You are viewing a plain text version of this content. The canonical link for it is here.
Posted to dev@tika.apache.org by "Uwe Schindler (JIRA)" <ji...@apache.org> on 2008/11/15 18:27:44 UTC

[jira] Created: (TIKA-172) New Open Document Parser that emmits structured XHTML content.

New Open Document Parser that emmits structured XHTML content.
--------------------------------------------------------------

                 Key: TIKA-172
                 URL: https://issues.apache.org/jira/browse/TIKA-172
             Project: Tika
          Issue Type: Improvement
          Components: parser
    Affects Versions: 0.2-incubating
            Reporter: Uwe Schindler


The current Open Document parser is very simplistic. It only creates a paragraph with the whole text content of ODF documents in it. The problem is also, that all whitespace is stripped.

The attached patch is a new and SAX-featured (so low memory capable) parser without using external libraries for ODF. The structure of ODF content.xml files is very clean (and identical for all types of documents) and maps very good to XHTML. It is possible to map paragraphs to <p> tags and headings to <hX>-Tags. Also tables (and so spreadsheets) are identical to HTML rules.

The idea behind this parser is a simple tag mapping approach. A new ContentHandlerDecorator in the o.a.t.sax-Package is able to simple map element names and attributes by a Map<javax.xml.namespace.QName,...). For each mapping a second mapping for the attributes Map<javax.xml.namespace.QName,javax.xml.namespace.QName> is available that maps the attributes. All not mappable attributes are thrown away. Tag names not in the mapping are are also not reported to the delegate.

With this new decorator, it is possible to map all ODF content.xml names to XHTML using a static map in the parser class. In addition to this some extra-handling for special cases in ODF are done in the SAX handler, that receives the parsing events (that extends ElementMappingContentHandler) is done:
a) only direct content of tags from the text:-namespace are reported to characters(), this excludes style tags and so on.
b) some tags and *all* its content are left out (Templates for TOC, additional cells for col/rowspan handling)
c) mapping of <text:h> to HTML <hX> is done by using the heading level (in ODF in an attribute of <text:h>).

As there are still some OpenOffice version 1.0 documents around (.sxw-files) that use old namespace declarations in meta.xml and content.xml (the current parser fails to parse metadata and content of such documents), an additional ContentHandlerDecorator is used, that maps all old namespaces beginning with "http://openoffice.org/2000/" to the "urn:oasis..." ones.
If support for such ld document types is not needed, we could simply leave out this additional decorator.

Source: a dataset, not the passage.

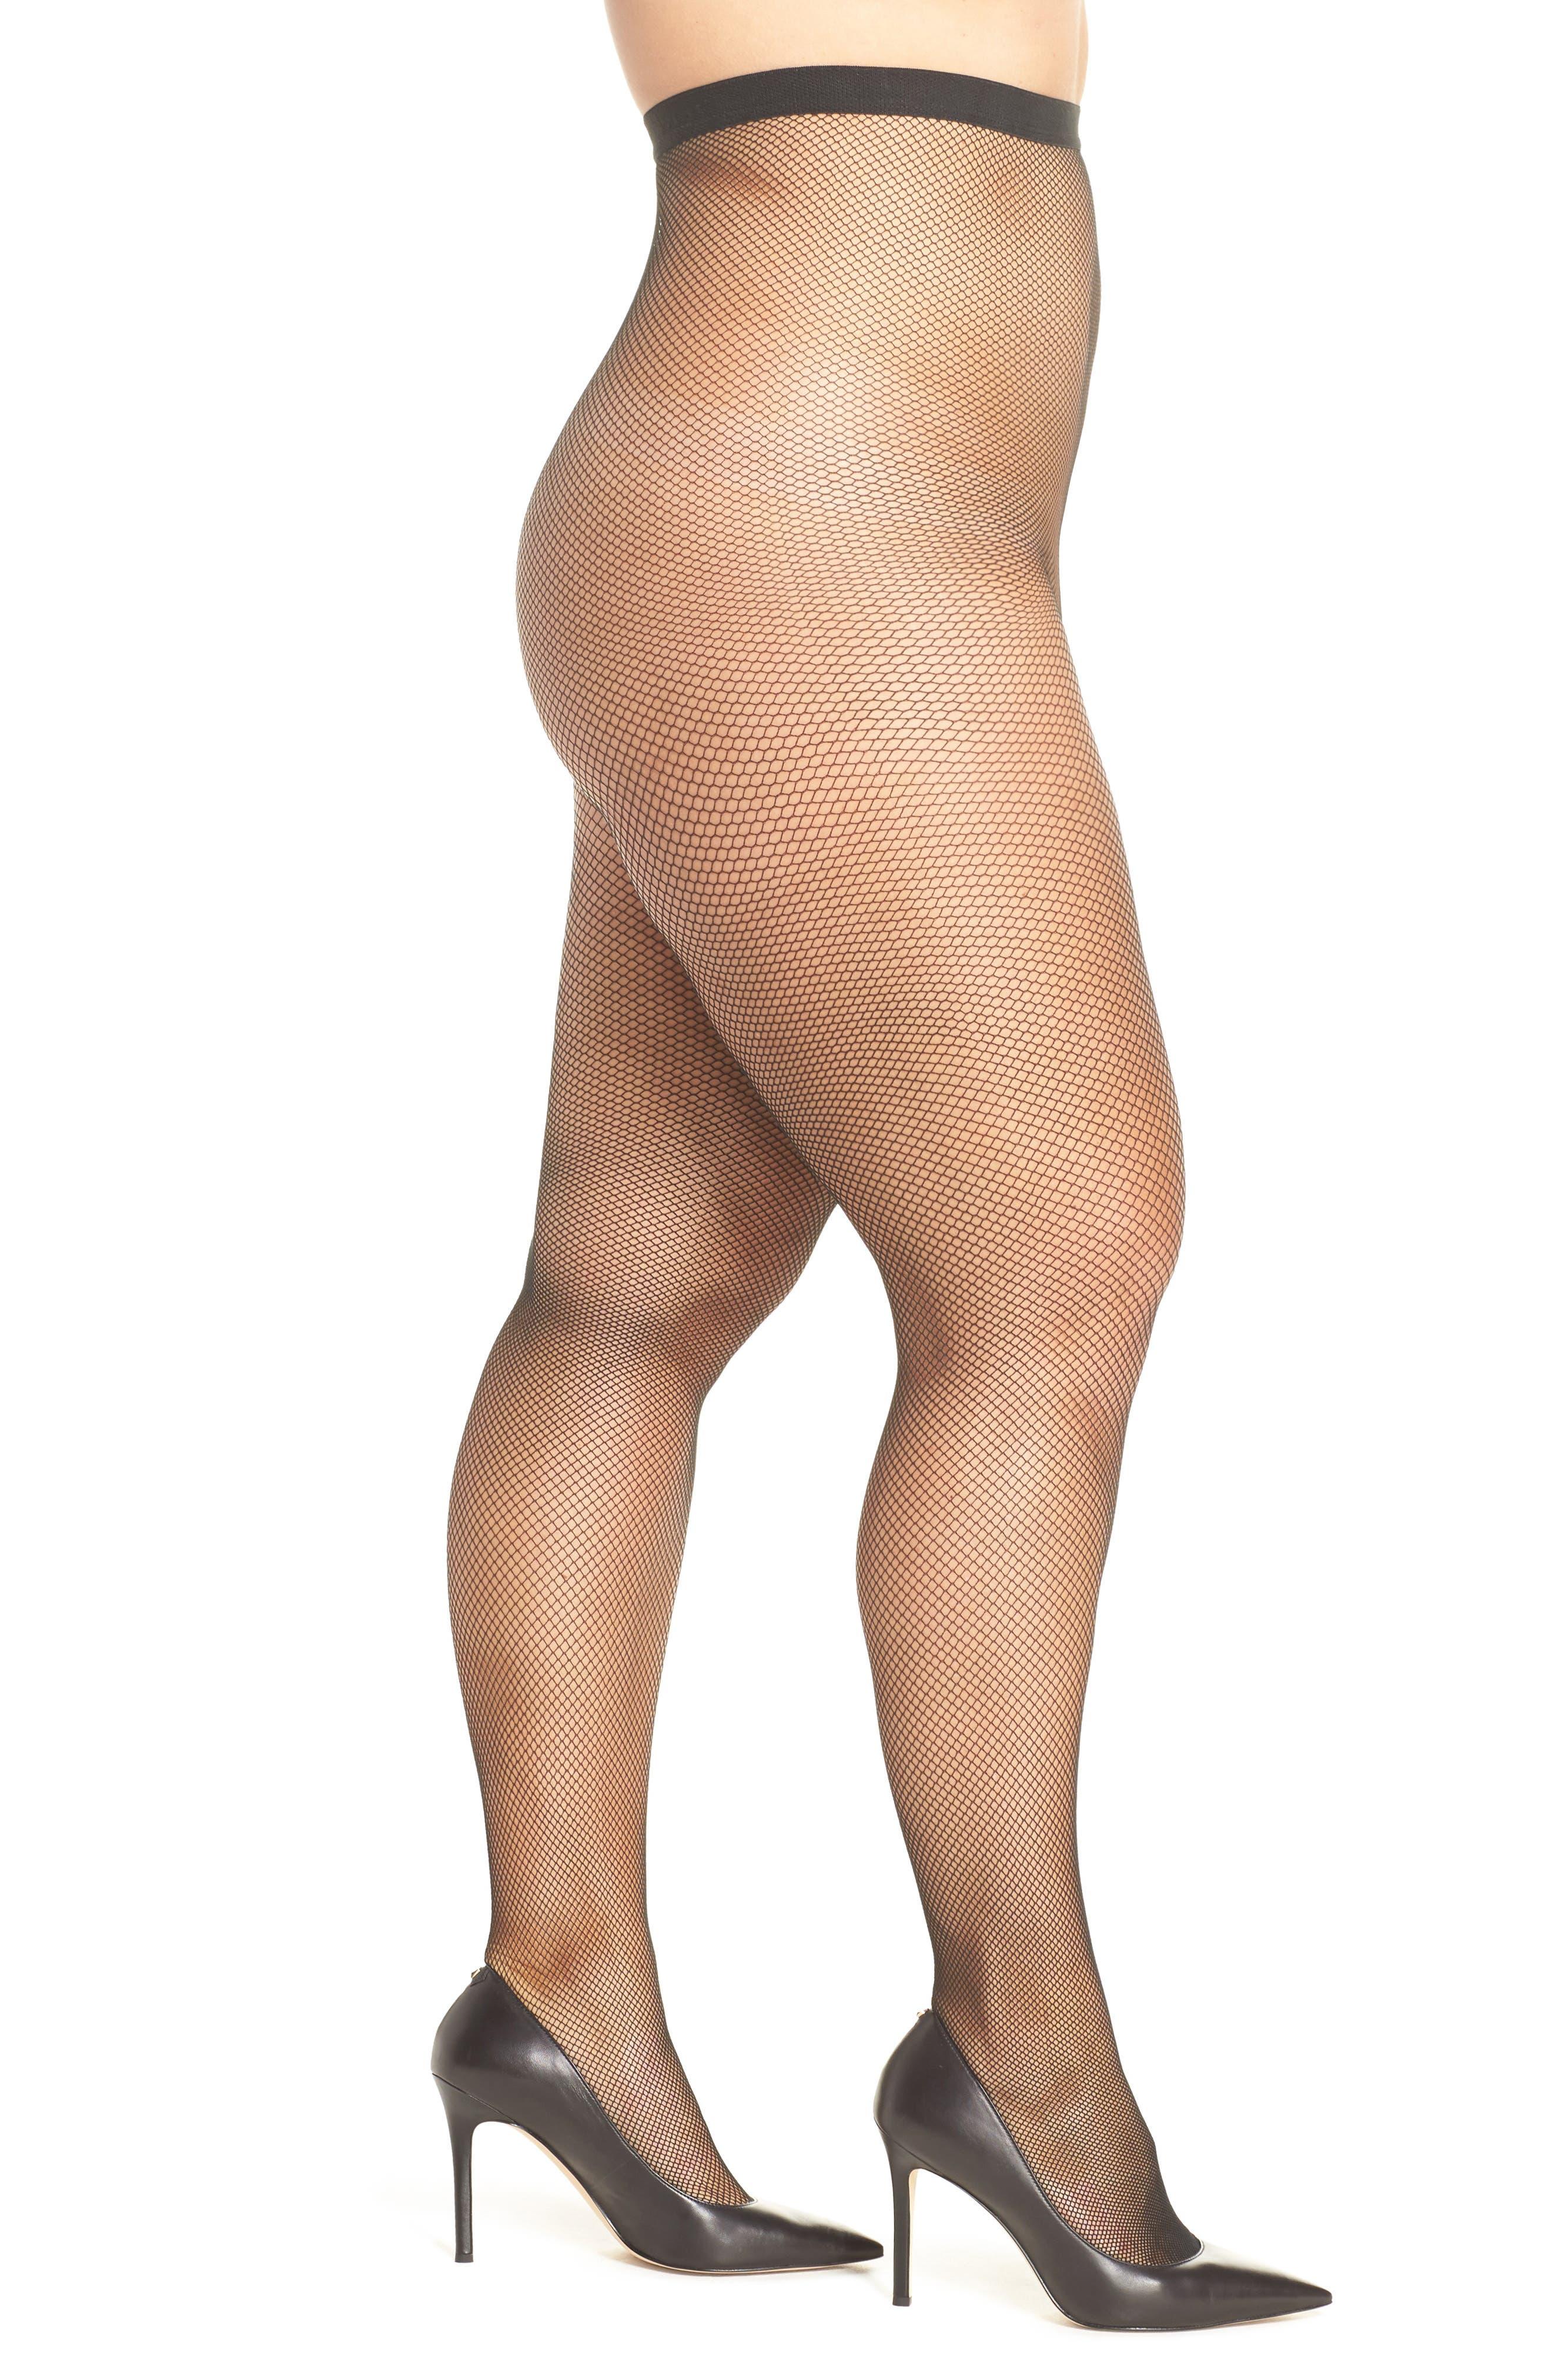 1920s Style Stockings, Tights, Fishnets & Socks Berkshire Fishnet Tights Size 3X4X - Black $11.00 AT vintagedancer.com

This is a very clean and good working approach for ODF files. In my opinion, this could also be done in a similar way for OpenXML files for MS Office 2007. I looked into the new POI version, that has text extraction support for OpenXML, but this uses a lot of additional XML parser libraries, DOM trees and does not use SAX, and is memory intensive. I think (I will read the specs from Microsoft the next days) and maybe I will create the same infracstruture for OpenXML, too. As POI is for OLE2 document format, it should only be used for this and not the XML based OpenXML.

-- 
This message is automatically generated by JIRA.
-
You can reply to this email to add a comment to the issue online.


[jira] Updated: (TIKA-172) New Open Document Parser that emmits structured XHTML content.

Posted by "Uwe Schindler (JIRA)" <ji...@apache.org>.
     [ https://issues.apache.org/jira/browse/TIKA-172?page=com.atlassian.jira.plugin.system.issuetabpanels:all-tabpanel ]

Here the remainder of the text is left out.